Les fractures du bassin représentent un enjeu majeur de santé publique, en particulier chez les personnes âgées. Avec près de 15 000 cas recensés chaque année, dont 10 000 chez des individus de plus de 60 ans, ce type de blessure mérite une attention particulière. Le Dr Pomme Jouffroy, chirurgien orthopédiste à l’Hôpital Saint-Joseph à Paris, apporte des éclairages précieux sur les causes, les symptômes, et les traitements associés à ces fractures.
EN BREF
- Les fractures du bassin touchent principalement les personnes âgées, souvent des femmes.
- Le diagnostic repose sur des examens d’imagerie comme la radiographie et le scanner.
- La rééducation est essentielle pour retrouver une mobilité optimale après la fracture.
Qu’est-ce qu’une fracture du bassin ?
Le bassin est constitué d’un ensemble osseux rigide, formant ce que l’on appelle l’anneau pelvien. Il se compose de trois éléments : le sacrum, qui relie le bassin à la colonne vertébrale, et les deux os iliaques, qui se rejoignent à l’avant au niveau de la symphyse pubienne. Une fracture du bassin se produit typiquement lorsque ce dernier se casse en deux endroits, souvent à la suite d’un traumatisme.
Causes et symptômes des fractures du bassin
Les fractures peuvent être causées par des chutes, même de faible hauteur, particulièrement chez les personnes âgées dont les os sont affaiblis par l’ostéoporose. Les symptômes incluent :
- Une douleur localisée dans l’aine, les fesses ou le bas du dos.
- Une difficulté à se tenir debout ou à marcher.
- Un gonflement ou des ecchymoses dans la région affectée.
Il est crucial de bien identifier ces symptômes pour un diagnostic rapide, souvent confirmé par des examens d’imagerie. La radiographie peut visualiser certaines fractures, mais le scanner reste l’examen de référence pour une évaluation précise.
Traitement et réhabilitation
Le traitement d’une fracture du bassin varie selon sa gravité. Dans 95 % des cas, un traitement fonctionnel suffit, axé sur la gestion de la douleur et le maintien de la mobilité. Des antalgiques adaptés sont prescrits, et des aides à la marche peuvent être mises en place.
Dans les cas plus graves, une intervention chirurgicale peut être nécessaire. La chirurgie percutanée, qui permet de stabiliser la fracture sans avoir à ouvrir complètement le bassin, est de plus en plus utilisée. Les patients doivent généralement s’attendre à une hospitalisation de 3 à 5 jours suivie d’une rééducation.
La réhabilitation joue un rôle clé dans la récupération. Une fois la fracture stabilisée, il est recommandé de commencer la rééducation après environ un mois et demi. Celle-ci vise à renforcer les muscles des jambes et du bassin, améliorer l’équilibre et restaurer la capacité à marcher.

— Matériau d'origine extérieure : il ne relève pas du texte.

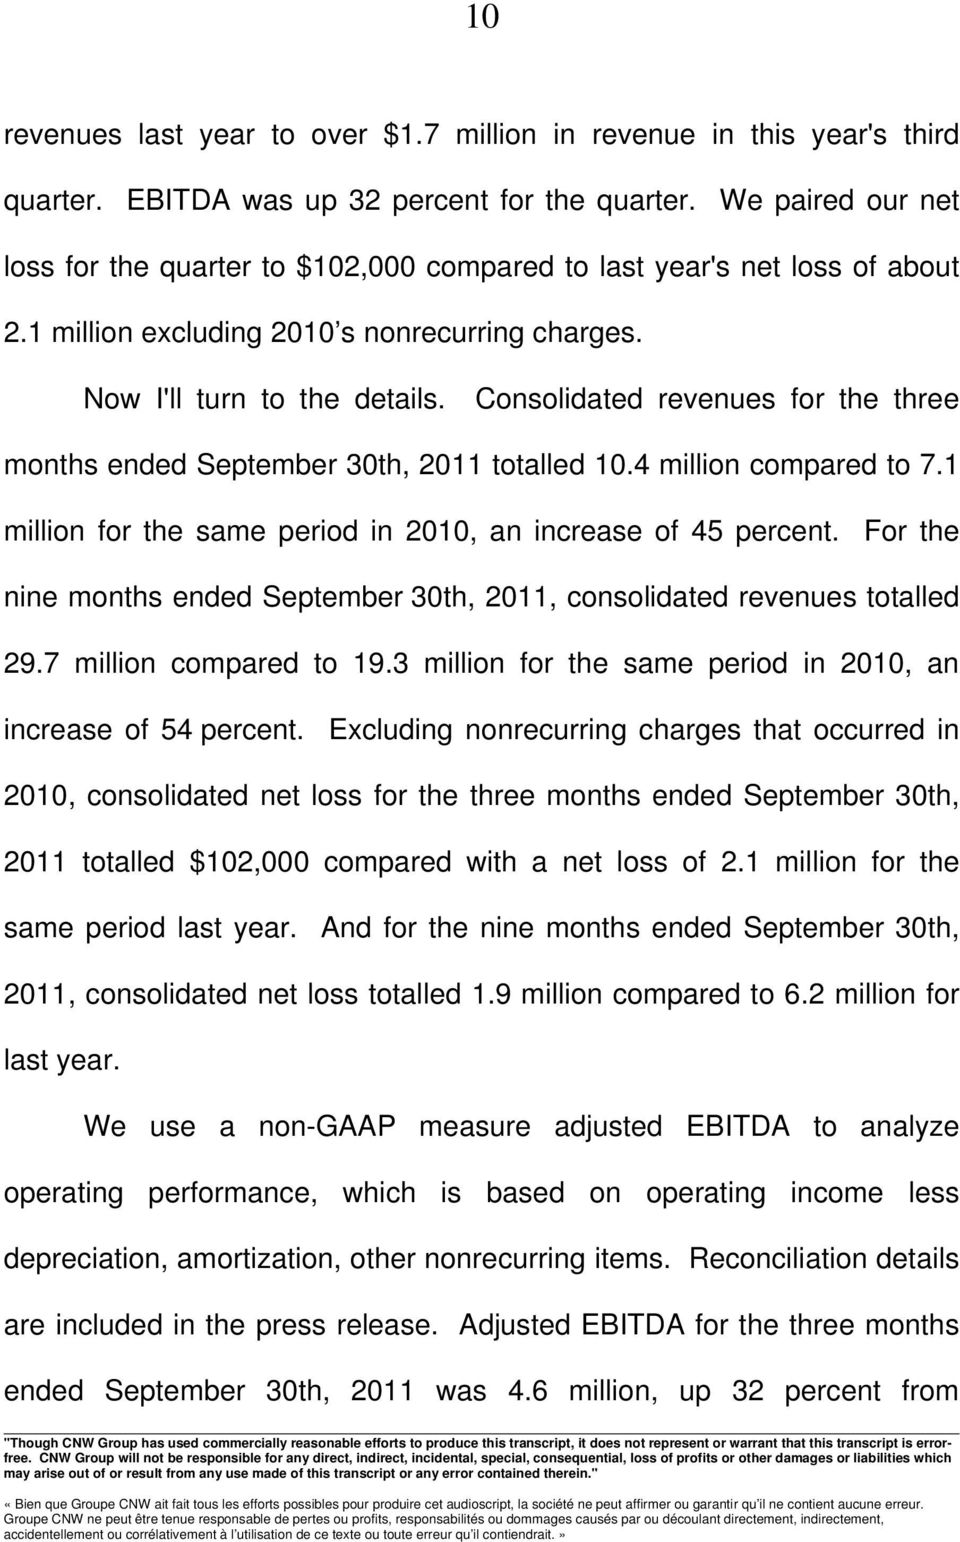 Consolidated revenues for the three months ended September 30th, 2011 totalled 10.4 million compared to 7.1 million for the same period in 2010, an increase of 45 percent.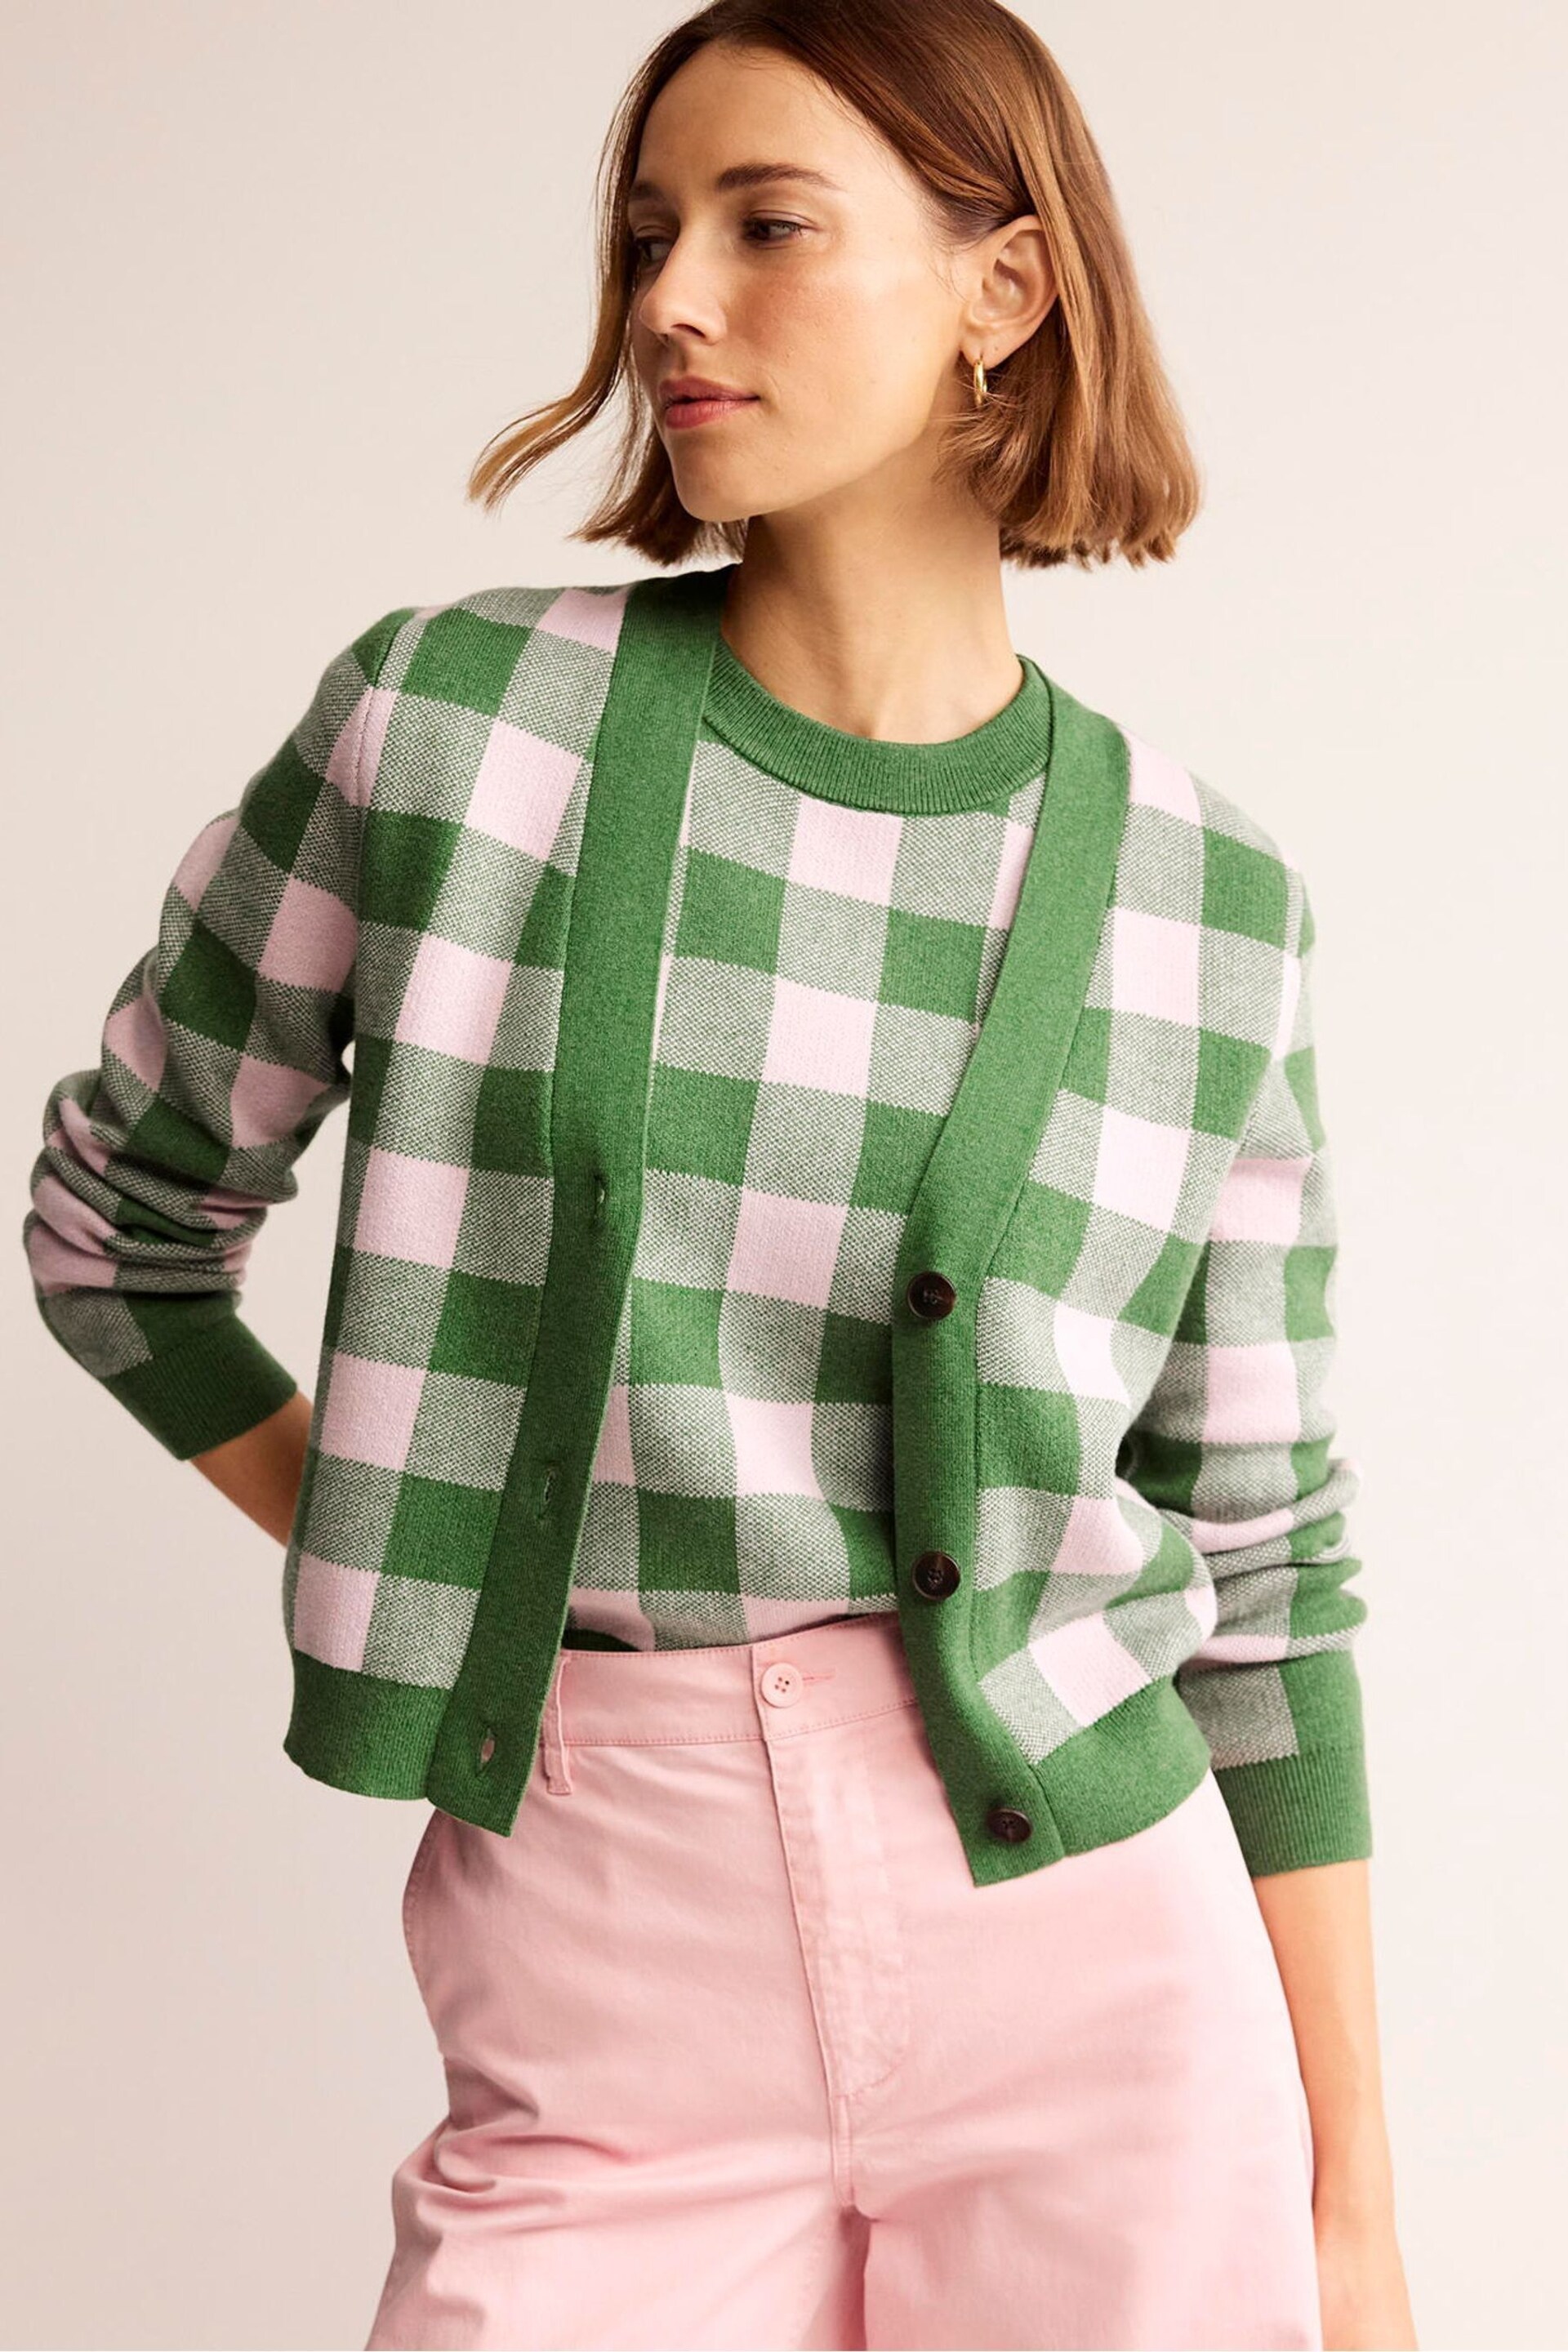 Boden Green Gingham Cardigan - Image 4 of 7

Conséquences sur la qualité de vie
Il est essentiel de prendre en compte que, même en cas de fracture stable, les conséquences peuvent être significatives. La douleur, la diminution de la mobilité et le risque d’immobilisation prolongée peuvent affecter l’autonomie et la qualité de vie des personnes âgées. De plus, des études indiquent une augmentation de la mortalité dans l’année suivant une fracture du bassin, souvent liée à des complications telles que l’immobilisation ou les infections.
Pour prévenir ces fractures, des mesures simples sont recommandées, telles que la promotion de l’activité physique, qui peut ralentir l’ostéoporose et renforcer le capital osseux. Le Dr Jouffroy insiste sur l’importance de rester actif pour protéger son squelette.
En somme, la fracture du bassin constitue un défi de santé publique qui nécessite une approche globale, intégrant prévention, traitement adéquat et réhabilitation. La mobilisation des personnes âgées, même après une blessure, est essentielle pour leur permettre de retrouver leur autonomie et améliorer leur qualité de vie.